Gold Fields to invest $1.4bn in Damang mine

ghana-grants-gold-fields-tax-rate-cut-as-firm-mulls-damang-mine-faithJohannesburg-based Gold Fields says it will invest $1.4 billion to increase the lifespan of its Damang Gold mine in the Western Region, to allow the mine to keep operating.

According to Gold Fields, the reinvestment plan will extend the life of the mine by eight years from 2017 to 2024.

“It will enhance the Group’s presence in one of its key operating regions and will result in significant social benefits for Ghana, including the creation and preservation of 1,850 direct jobs,” Gold Fields said in a statement yesterday

The mining firm expects to produce 1.56 million ounces of gold, within the eight-year period, at an all-in cost of $950 an ounce.

The project will produce 225,000 ounces of gold a year, according to the miner.

“This is a classic Brownfield opportunity,” Chief Executive Officer Nick Holland said in an interview with Blooomberg. “It makes logical sense from all angles for us to do this.”

“This is a first step in what may well be a much longer mine life in time to come,” Mr.
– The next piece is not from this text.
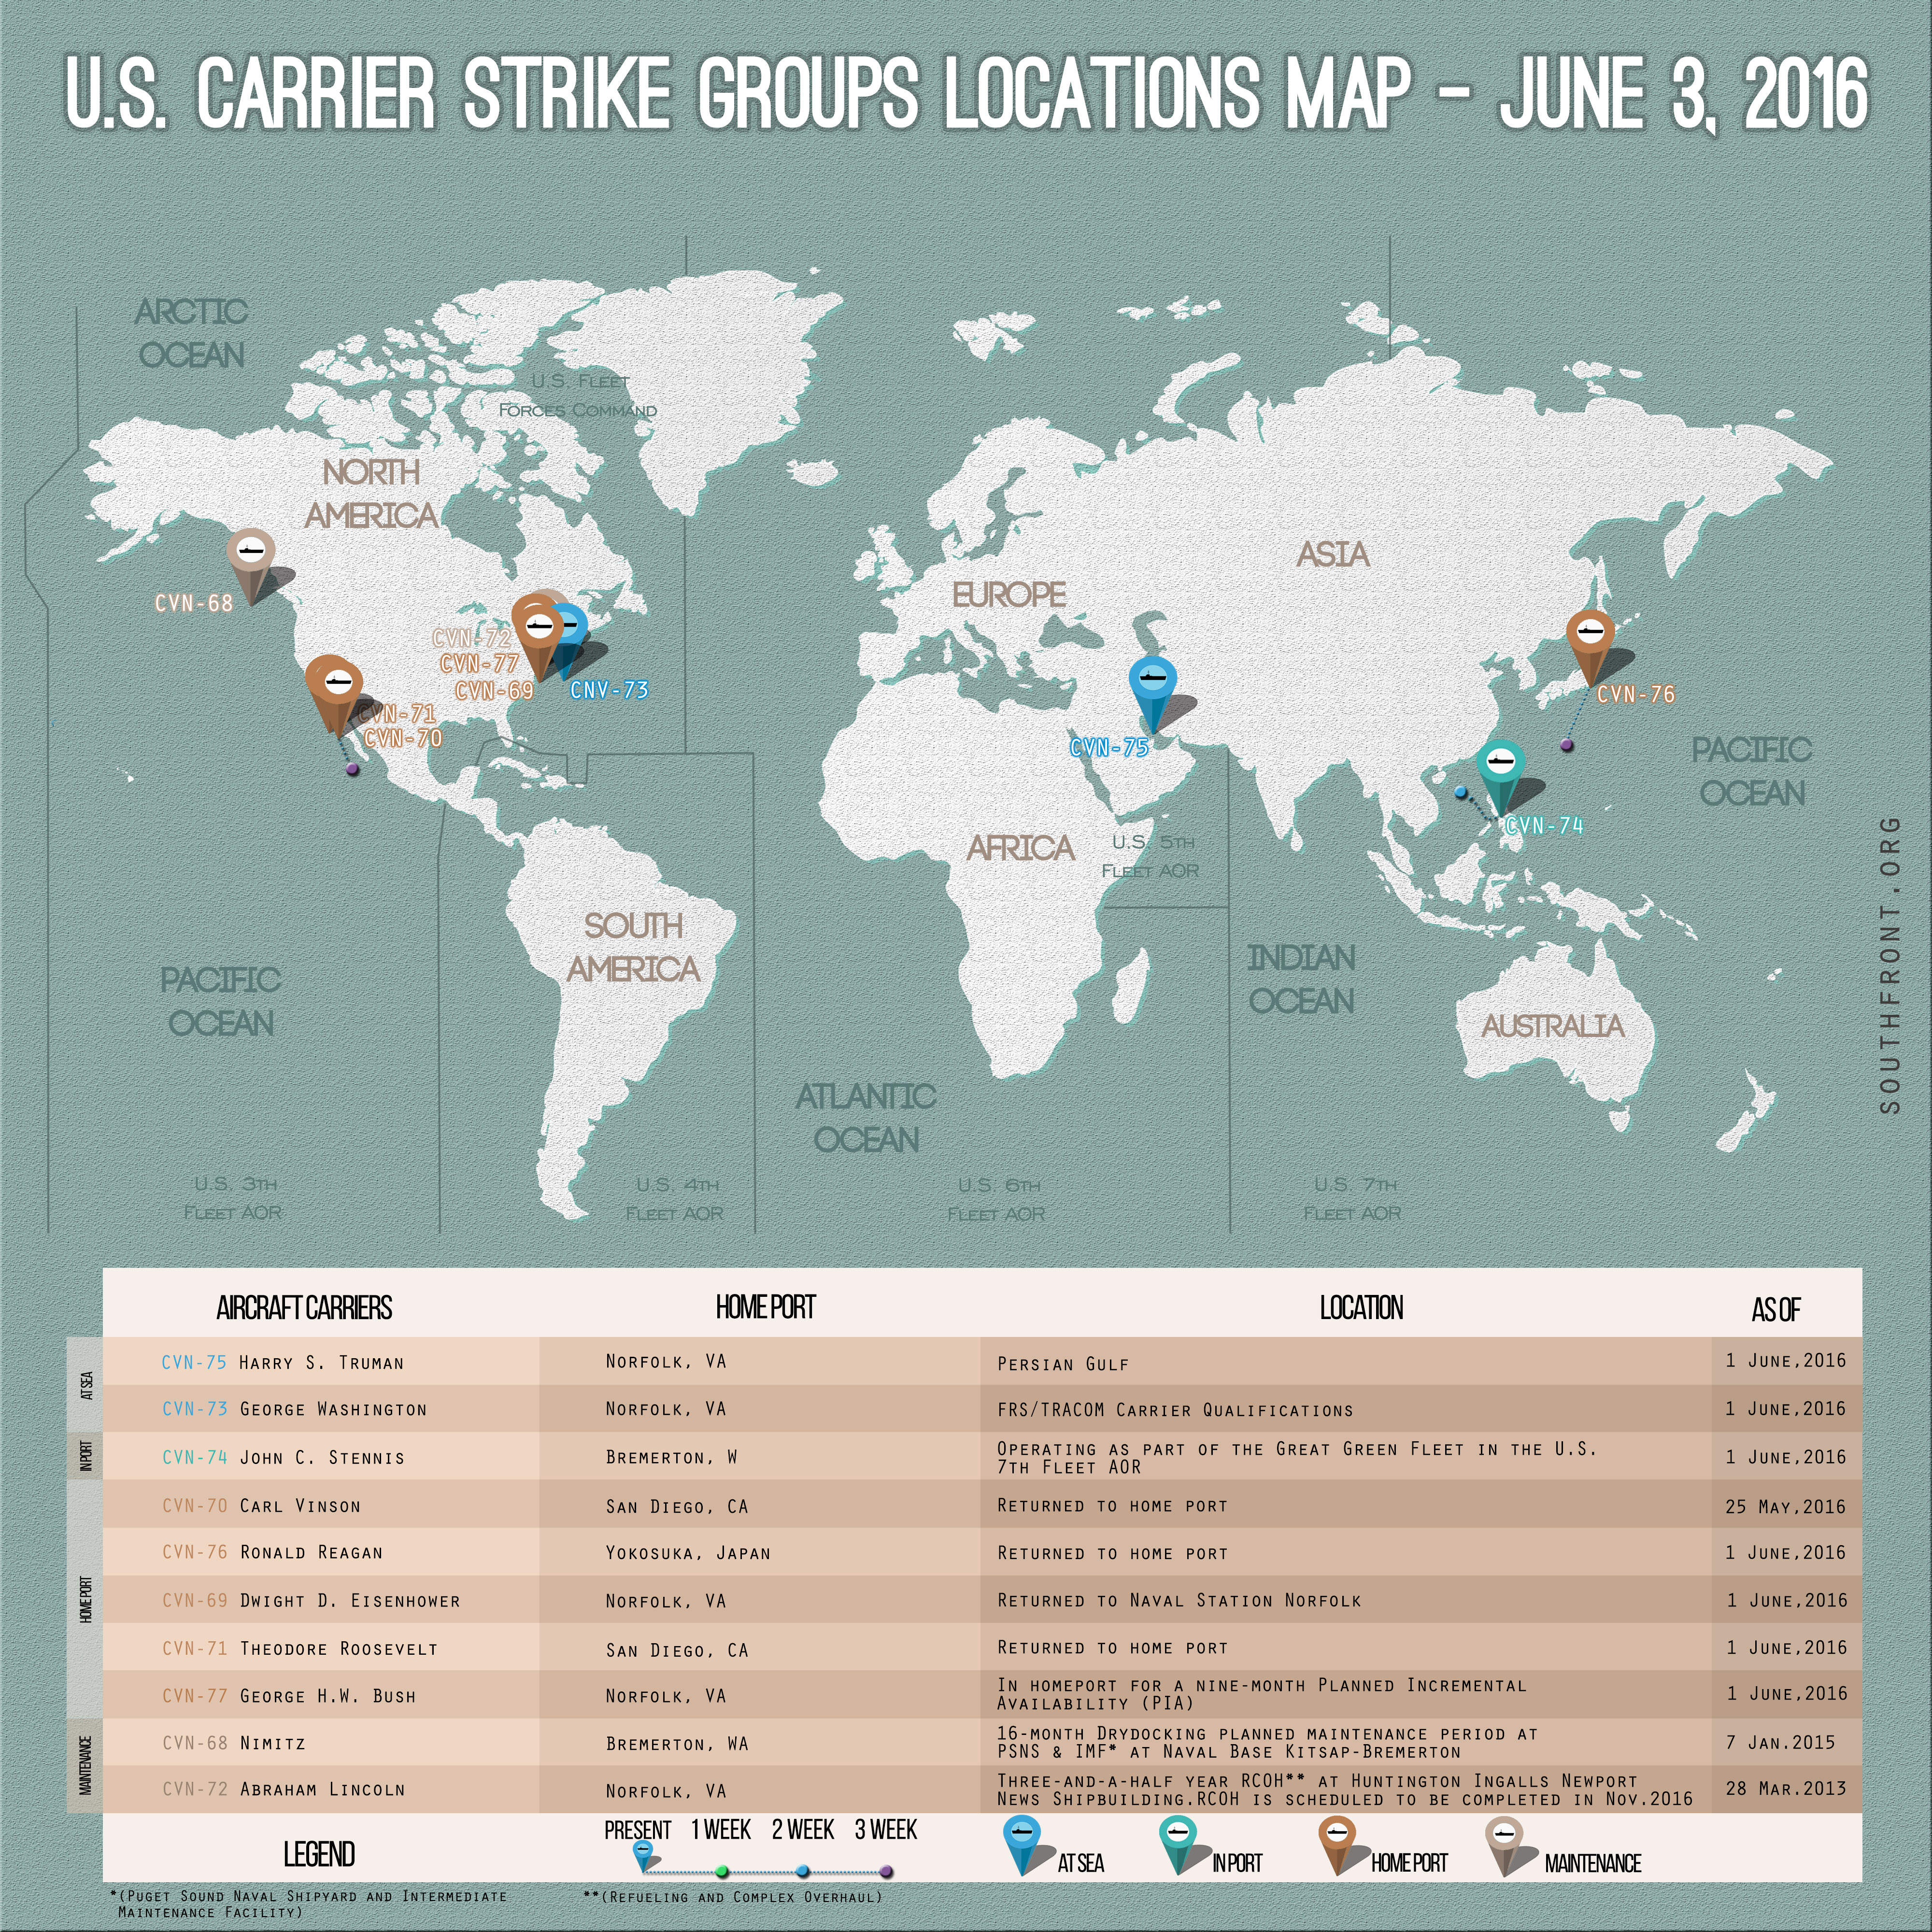 U.S. Carrier Strike Groups Locations Map – June 3, 2016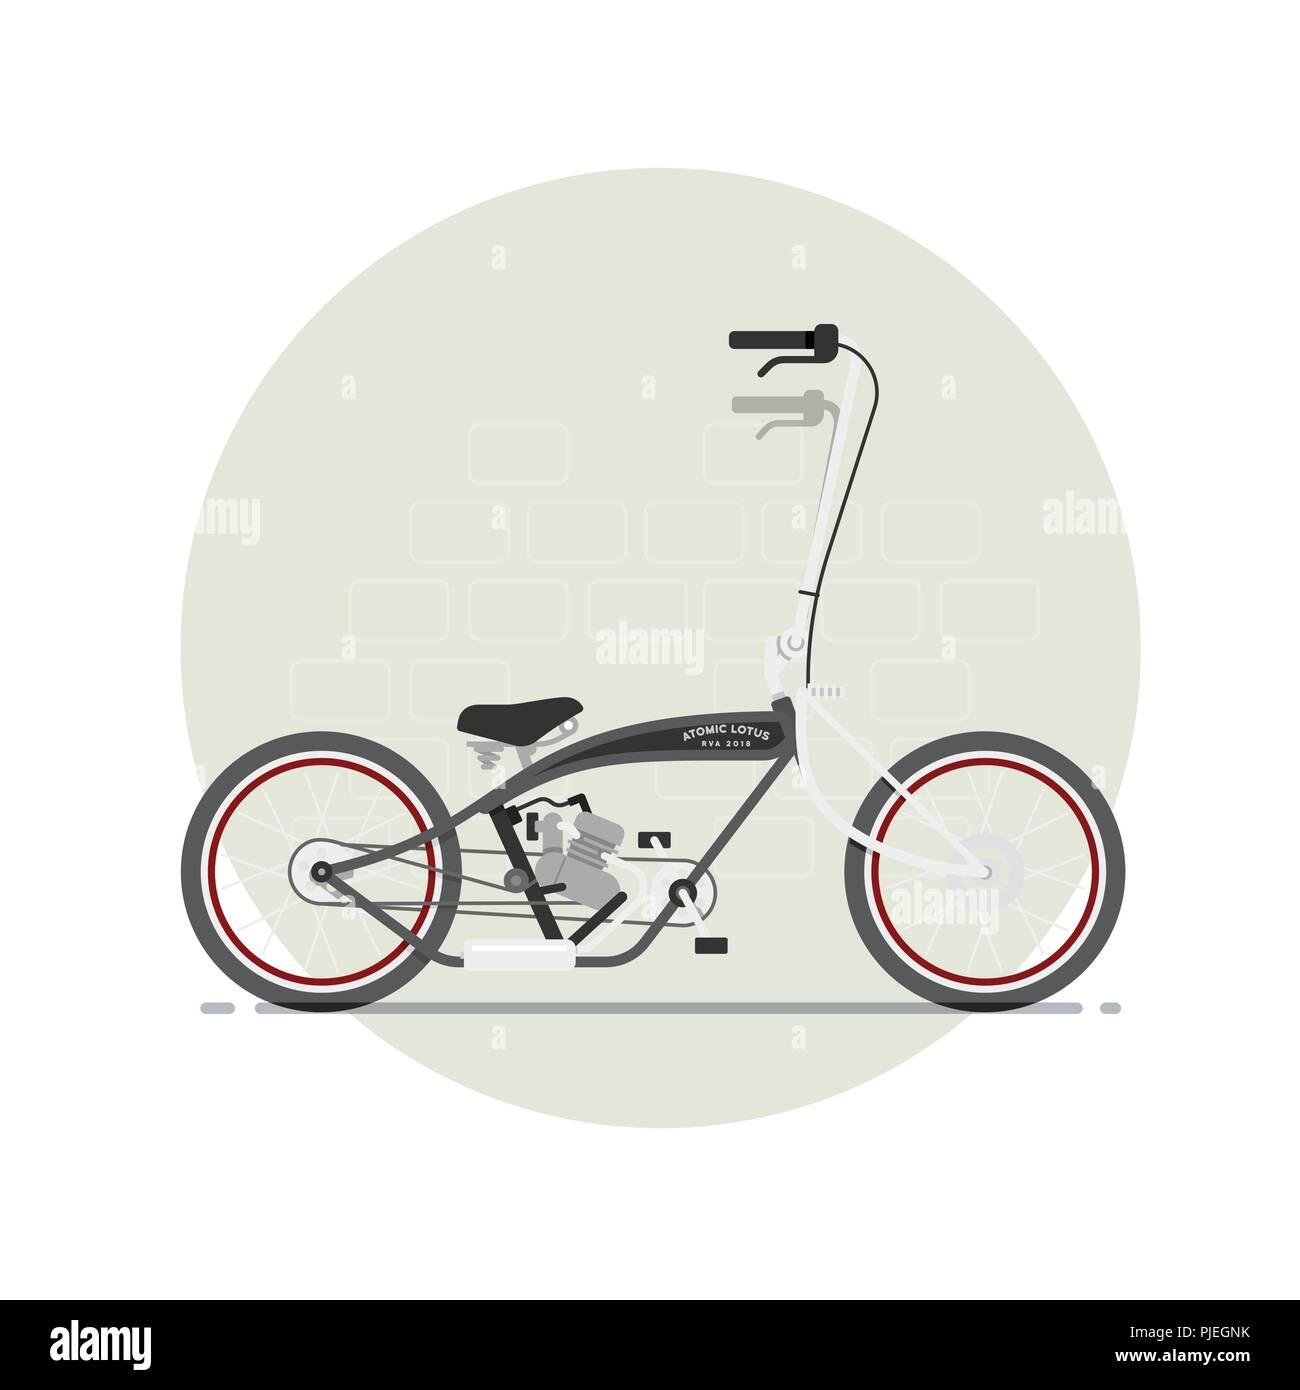 Bicycle with ape hanger handlebars - Stock Image

Holland said, adding that “the project will extract less than half of Damang’s four million ounces of gold resources.”
The benefits of the development agreement signed between Gold Fields and the Government of Ghana in March, have been key inputs into the plan and enhances the economics of the project, the statement said.
Gold Fields signed the agreement with Ghana linking royalties payments to the bullion price and lowering the corporate tax rate to 32.5 per cent from 35 per cent.

“Damang reinvestment was planned at a gold price of $1,200 an ounce, so we’ve got some headroom and, importantly, the breakeven price at Damang is $1,050 an ounce so we’ve got a $200 ounce cushion before the project starts becoming uneconomic,” Mr. Holland told Reuters.
Gold was trading at around $1,265 per ounce in London yesterday.
Since operations at Damang commenced in 1997, the mine has produced in excess of 4.0 million ounces, sourced from multiple open pits, but production has declined since 2013 as ore grades have been lower than expected.
Mining has since been focused on the margins of the Damang pit — the Huni, Juno and Saddle areas — as well as lower grade satellite deposits. The decline has been exacerbated by variations in grade in the northern and southern extremities of the DPCB and the satellite pits where grades have been lower than expected.
Consequently, a strategic review of Damang commenced last year which identified that Gold Fields should return to mining the higher grade core of the main Damang orebody.
Gold Fields said in the statement that it will also retain the option of expanding the operation at Damang should the gold price strengthen sustainably to above $1,400 per ounce.
In a quarterly output update, Gold Fields reported its total gold production in the three months to September 30 was 537,000 ounces, four per cent lower than in the corresponding period a year earlier.

Gold Fields maintained its guidance for attributable equivalent gold production for 2016 at between 2.10 million and 2.15 million ounces.